451:bboxs: 1x8x80x80 每一个分数对应的四个点(x1,y1,x2,y2)*注意这个点是距离原点的相对值,还是需要计算的,这里1x8 前面1~4 是一个矩形框的点,后面的4~8是另一张图的矩形框坐标点,就是黑白图。
454:kps:1x20x80x80 每一个分数对应的五官坐标点(x,y)*注意这个点是距离原点的相对值,还是需要计算的,这里1~10 是一组坐标点,另外的10~20是另外一张图的一组坐标点,分开计算就行。

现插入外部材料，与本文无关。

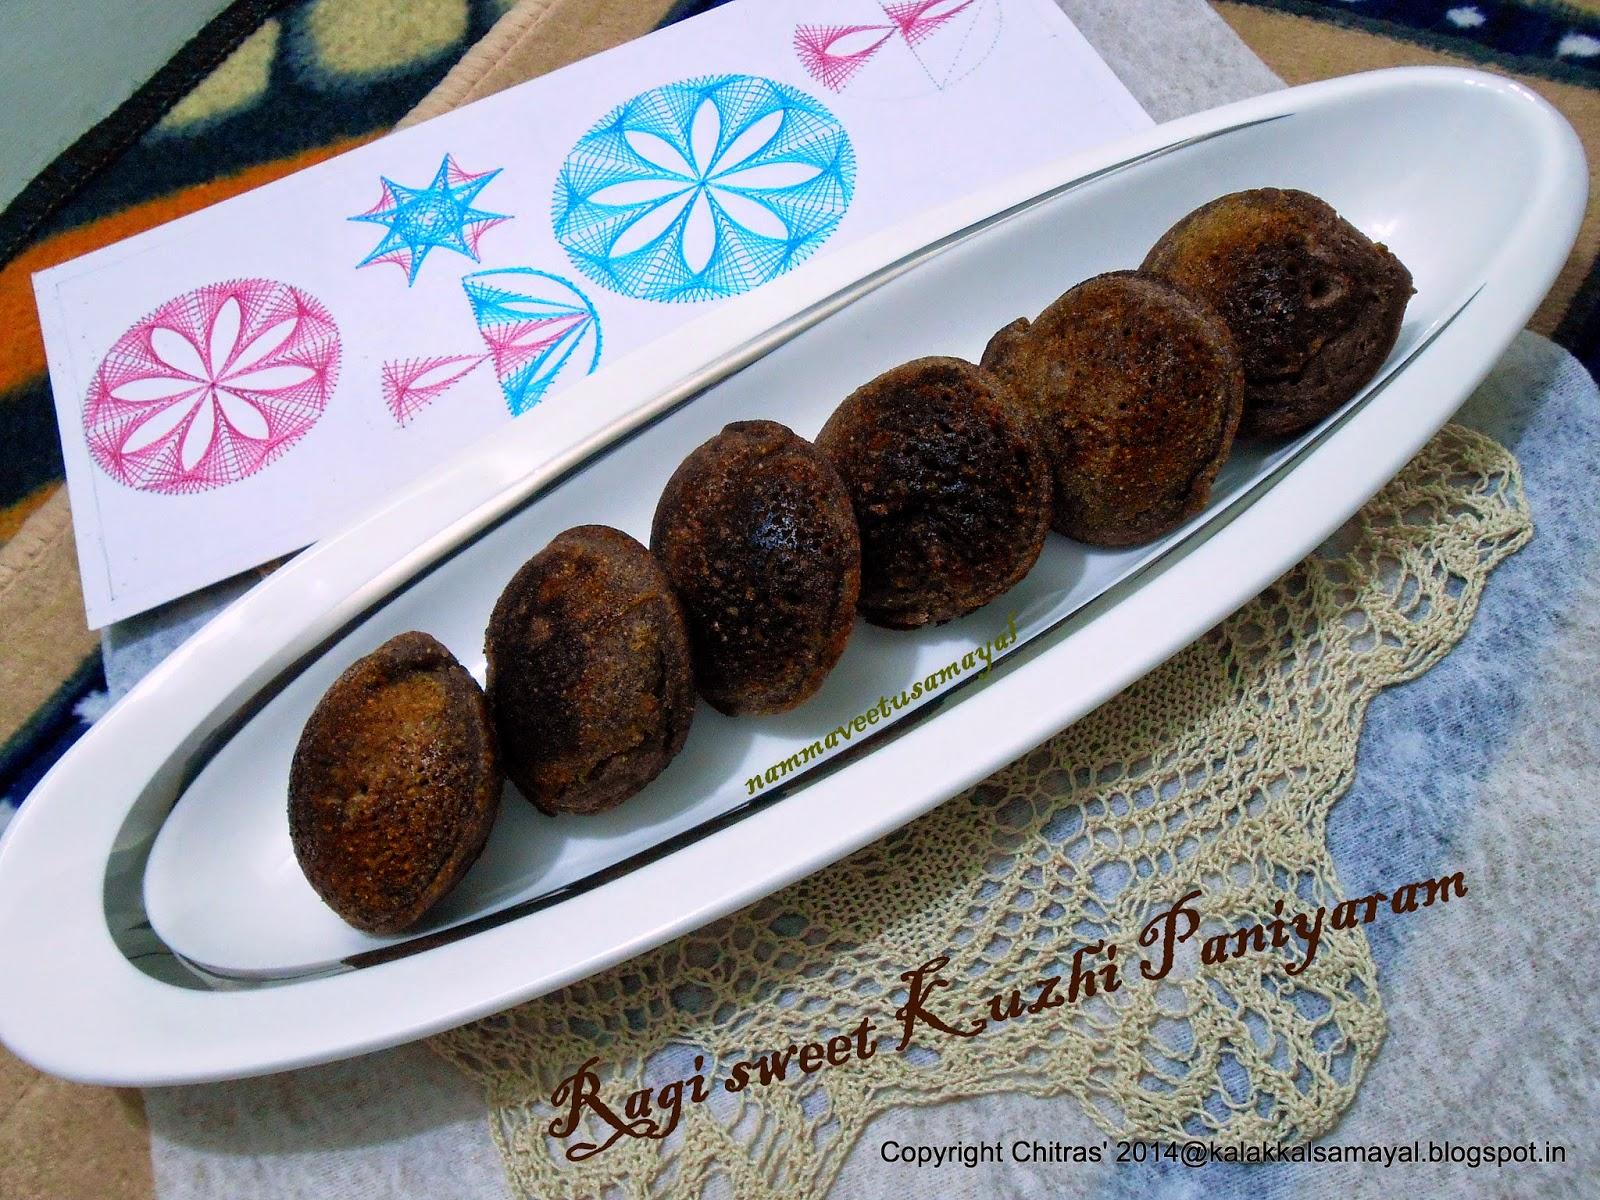 Ragi Sweet Kuzhi Paniyaram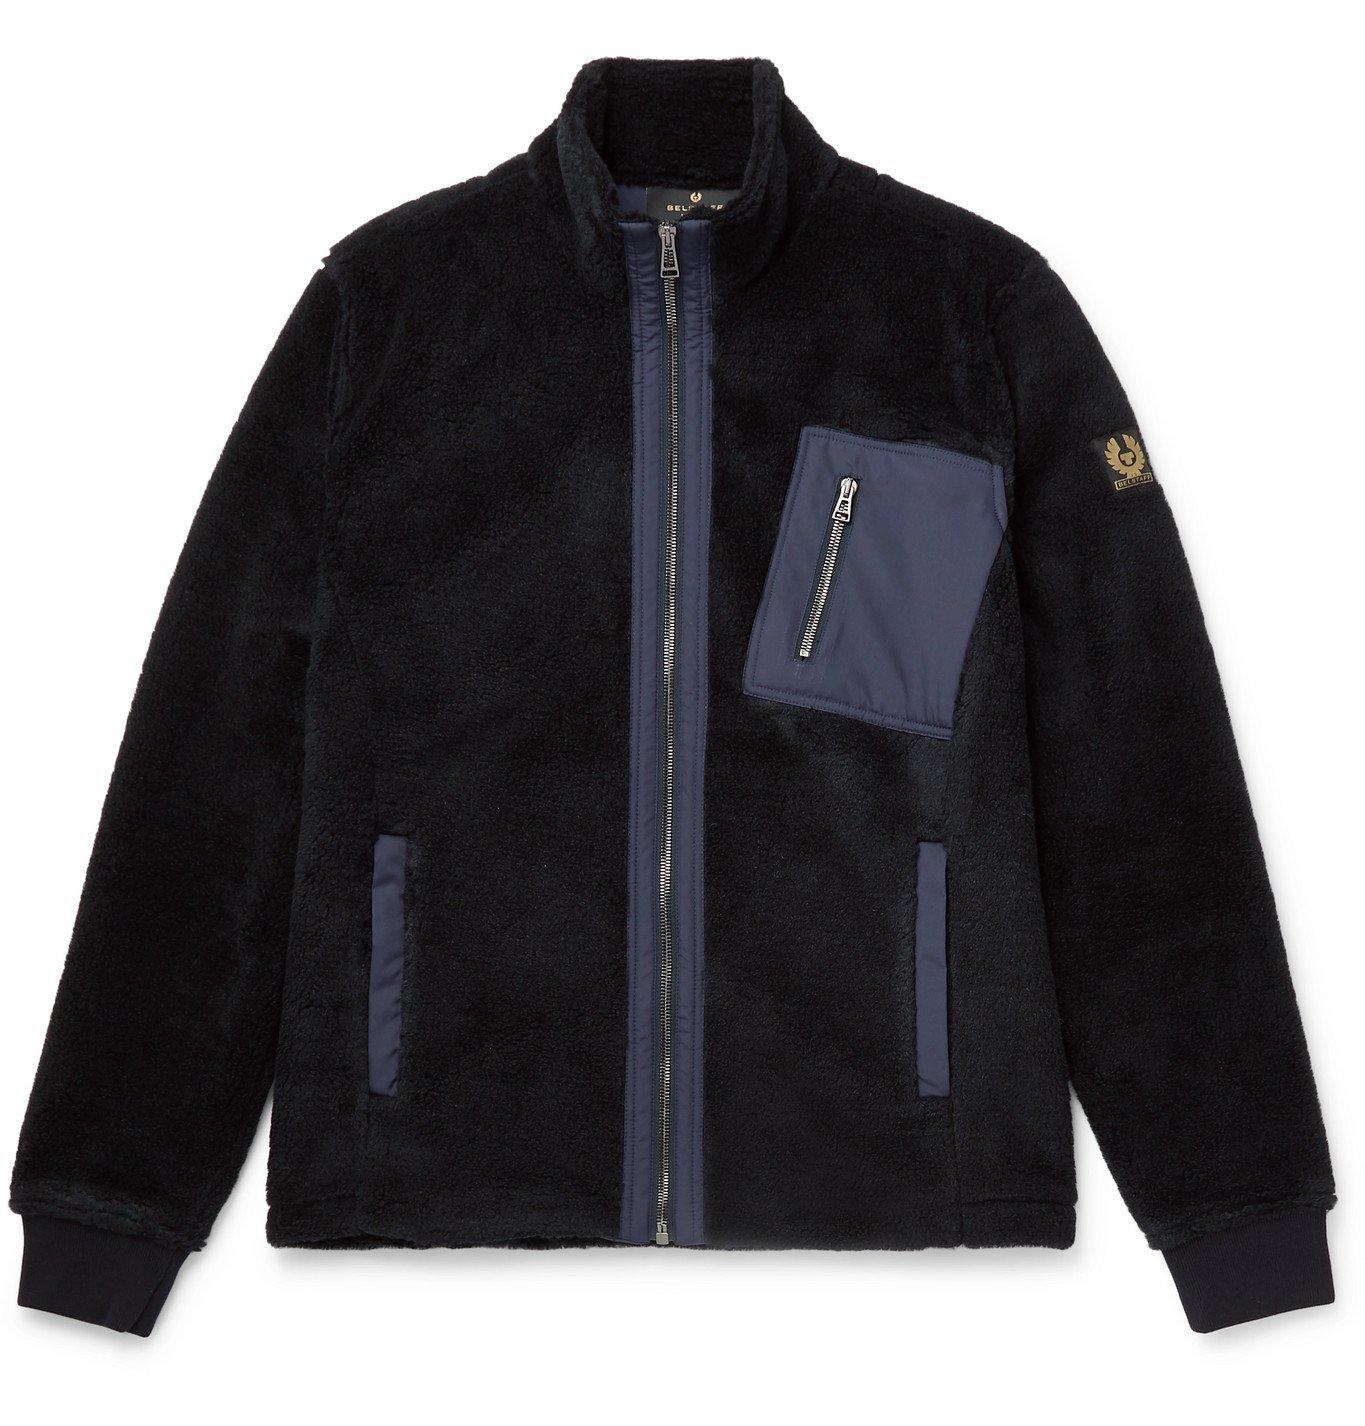 Belstaff - Herne Shell-Trimmed Fleece Jacket - Black

(471,474,477):这是步长为16的一组数据,与上同理。
(494,497,500):这是步长为32的一组数据,与上同理。
代码示例(待优化):
using System;
using System.Collections.Generic;
using Unity.Mathematics;
using Unity.Sentis;
using UnityEngine;
using System.Linq;
public class Retinaface :MonoBehaviour
{
public ModelAsset modelAsset;
public Model model;
private IWorker worker;
private GPUComputeBackend gpu;
public int textureWidth=640, textureHeight =640;
private int[] feat_stride_fpn = new int[] {8, 16, 32};
public Dictionary<(int,int,int),FunctionalTensor> center_cache = new Dictionary<(int, int, int), FunctionalTensor>() ;
private int _num_anchors = 2;
private FunctionalTensor anchor_centers;
private float det_scale = 2.5f;
public ComputeShader postprocess1;
private RenderTexture scoresRT;
private RenderTexture boxesRT;
private RenderTexture kpssRT1;
private RenderTexture kpssRT2;
private RenderTexture kpssRT3;
private RenderTexture kpssRT4;
private RenderTexture kpssRT5;
private ComputeBuffer post1;
public ComputeShader postprocess2;
private ComputeBuffer post2;
private ComputeBuffer counter;
private void Start()
{
InitBuffer();
model = ModelLoader.Load(modelAsset);
gpu = new GPUComputeBackend();
var model2 = Functional.Compile(input =>
{
List<FunctionalTensor> scores_list = new List<FunctionalTensor>();
List<FunctionalTensor> bboxes_list = new List<FunctionalTensor>();
List<FunctionalTensor> kpss_list = new List<FunctionalTensor>();
var outputs = model.Forward(input);
//遍历不同步长
for (int i = 0; i < feat_stride_fpn.Length; i++)
{
var scores = outputs[i*3];
var bbox_preds = outputs[i * 3+1]* feat_stride_fpn[i];
var kps_preds = outputs[i*3+2] * feat_stride_fpn[i];
int height = 640 / feat_stride_fpn[i];
int width = 640 / feat_stride_fpn[i];
var key = (height, width, feat_stride_fpn[i]);
if (center_cache.ContainsKey(key) )
{
anchor_centers = center_cache[key];
}
else
{
//构建坐标系
var range_X = Functional.ARange(0, height);
var range_640_x = range_X.Unsqueeze(-1).BroadcastTo(new[] {height});
var range_640_y = range_640_x.Transpose(0, 1);
//(n,n,2)
anchor_centers =Functional.Stack(new[] {range_640_y, range_640_x}, 2);
//(n*n,2)
anchor_centers = (anchor_centers * feat_stride_fpn[i]).Reshape(new[] {-1, 2});
//(n*n*2,2) (12800,2)(3200,2)(800,2)
anchor_centers = Functional.Concat(new []{anchor_centers,anchor_centers},1).Reshape(new[] {-1, 2});
if (center_cache.Count<100 )
{
center_cache[key] = anchor_centers;
}
}
//(bbox (左上x距离中心距离,左上y距离中心距离,右下x距离中心距离,右下y距离中心距离))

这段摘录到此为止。